### Recorded information
====================

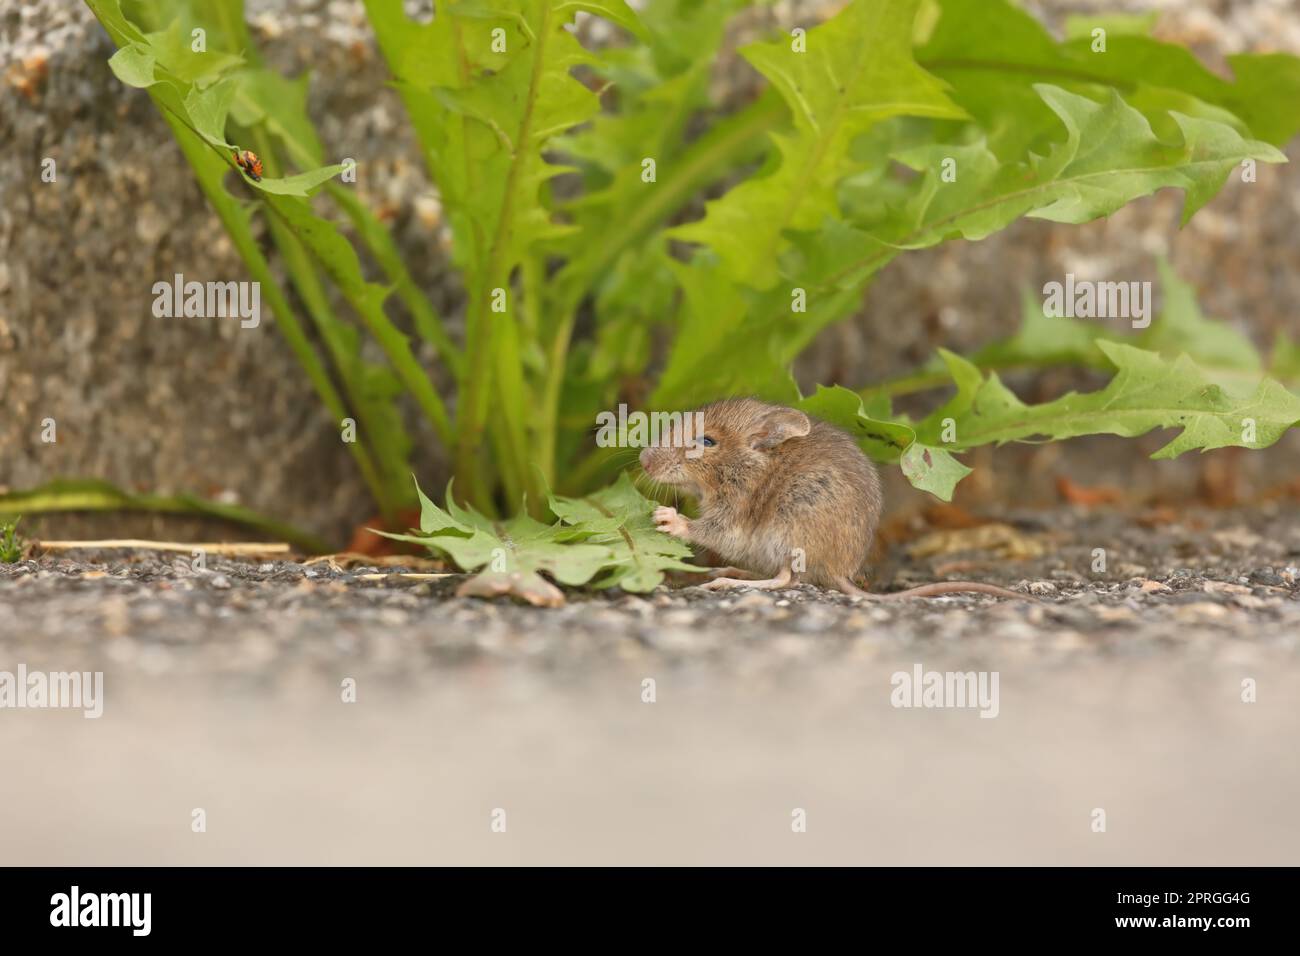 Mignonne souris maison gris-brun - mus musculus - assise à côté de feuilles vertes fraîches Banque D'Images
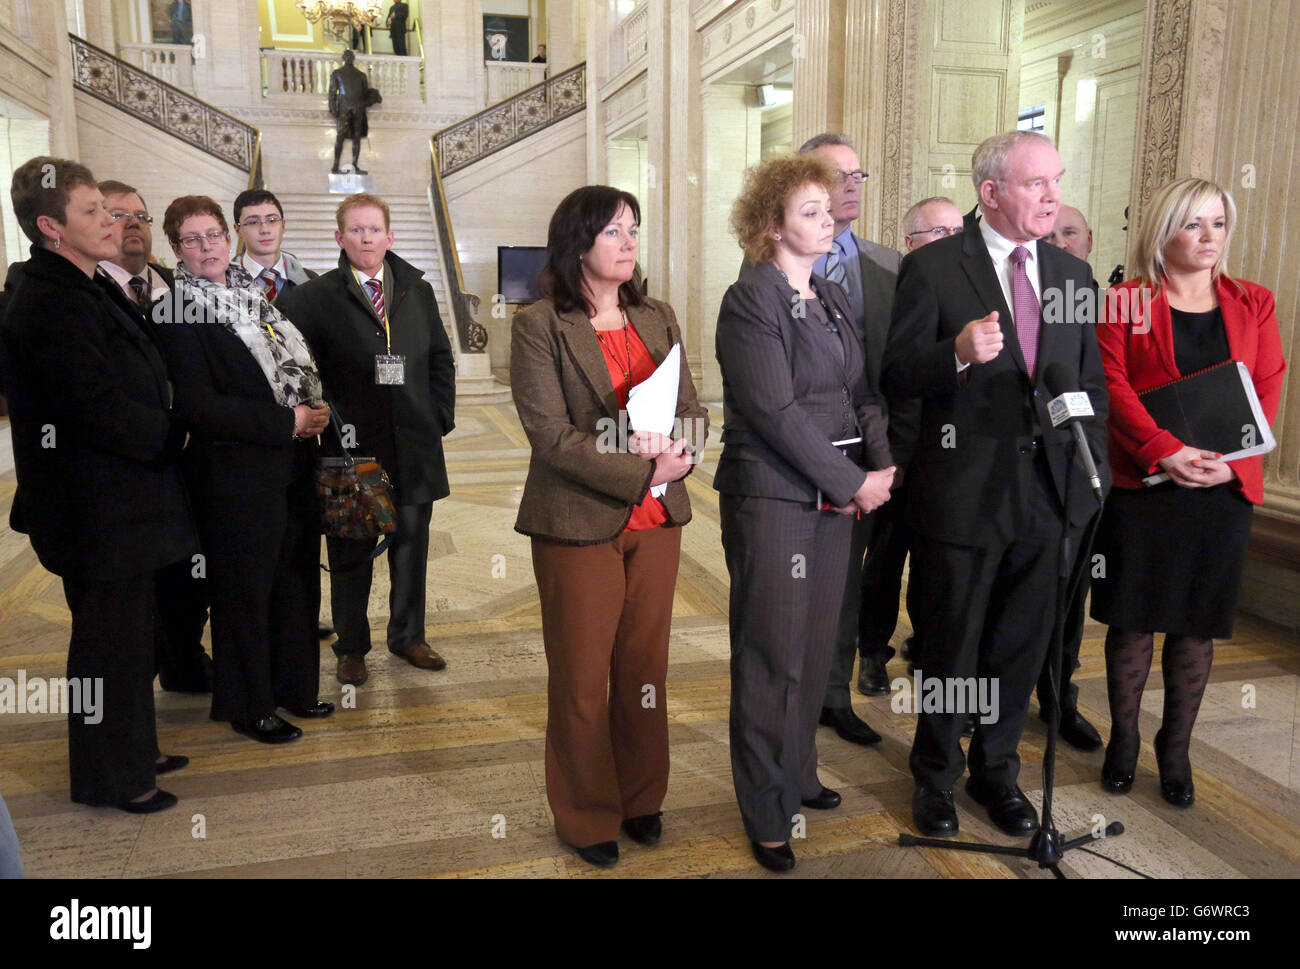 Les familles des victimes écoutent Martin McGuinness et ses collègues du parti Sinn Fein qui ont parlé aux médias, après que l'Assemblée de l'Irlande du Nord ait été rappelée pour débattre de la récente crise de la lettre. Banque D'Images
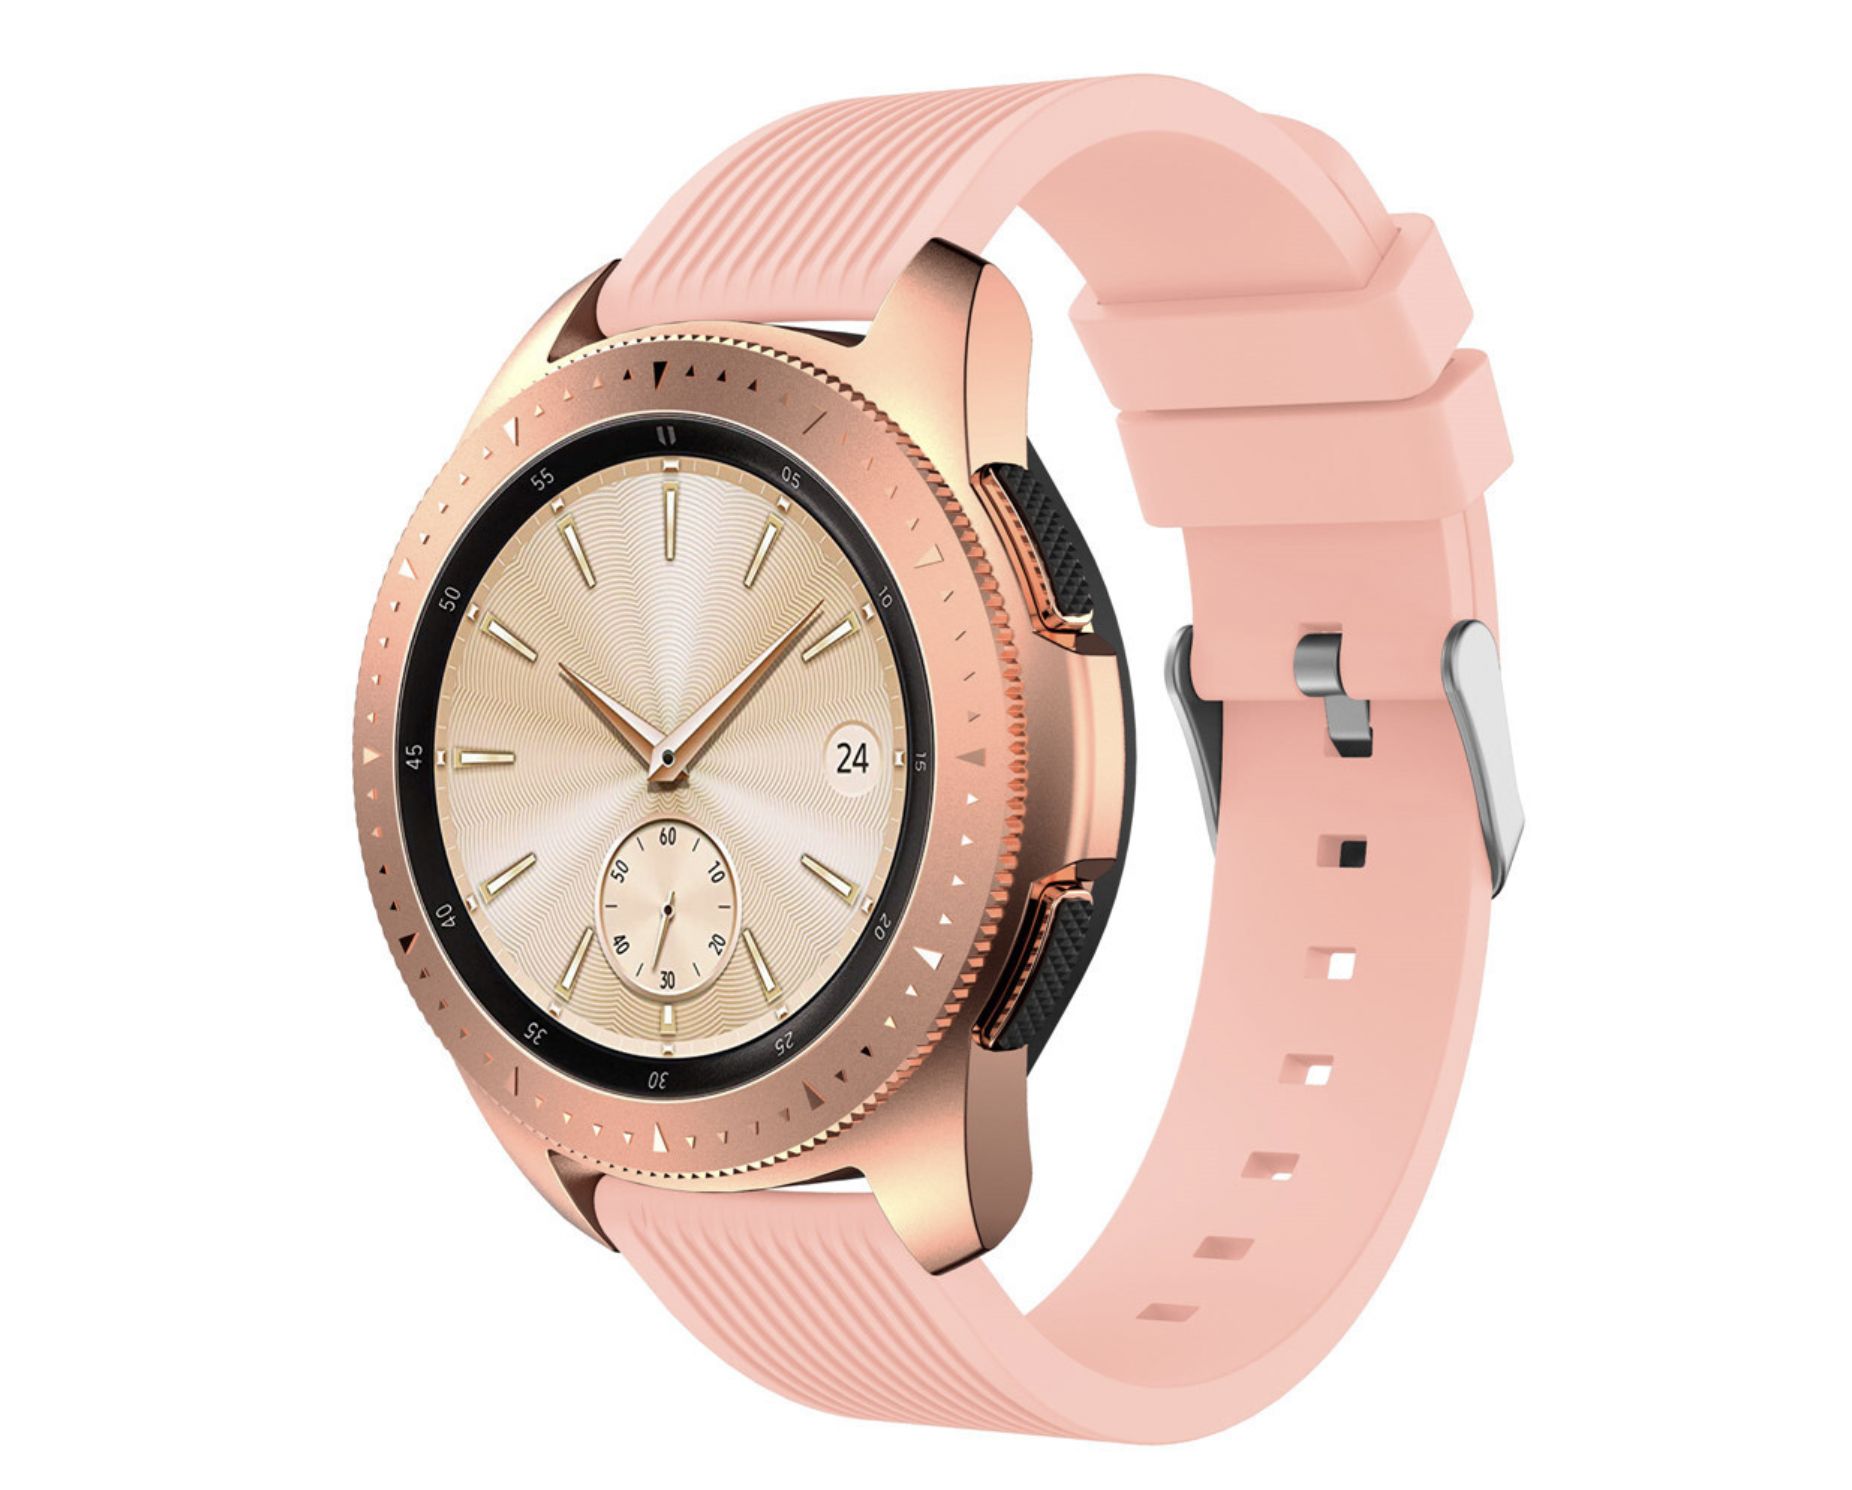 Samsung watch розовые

====================

### Work request
All lines above must be repeated exactly, and the pictures must be omitted.

### Response to the task
 Mignonne souris maison gris-brun - mus musculus - assise à côté de feuilles vertes fraîches Banque D'Images
 Les familles des victimes écoutent Martin McGuinness et ses collègues du parti Sinn Fein qui ont parlé aux médias, après que l'Assemblée de l'Irlande du Nord ait été rappelée pour débattre de la récente crise de la lettre. Banque D'Images
 Samsung watch розовые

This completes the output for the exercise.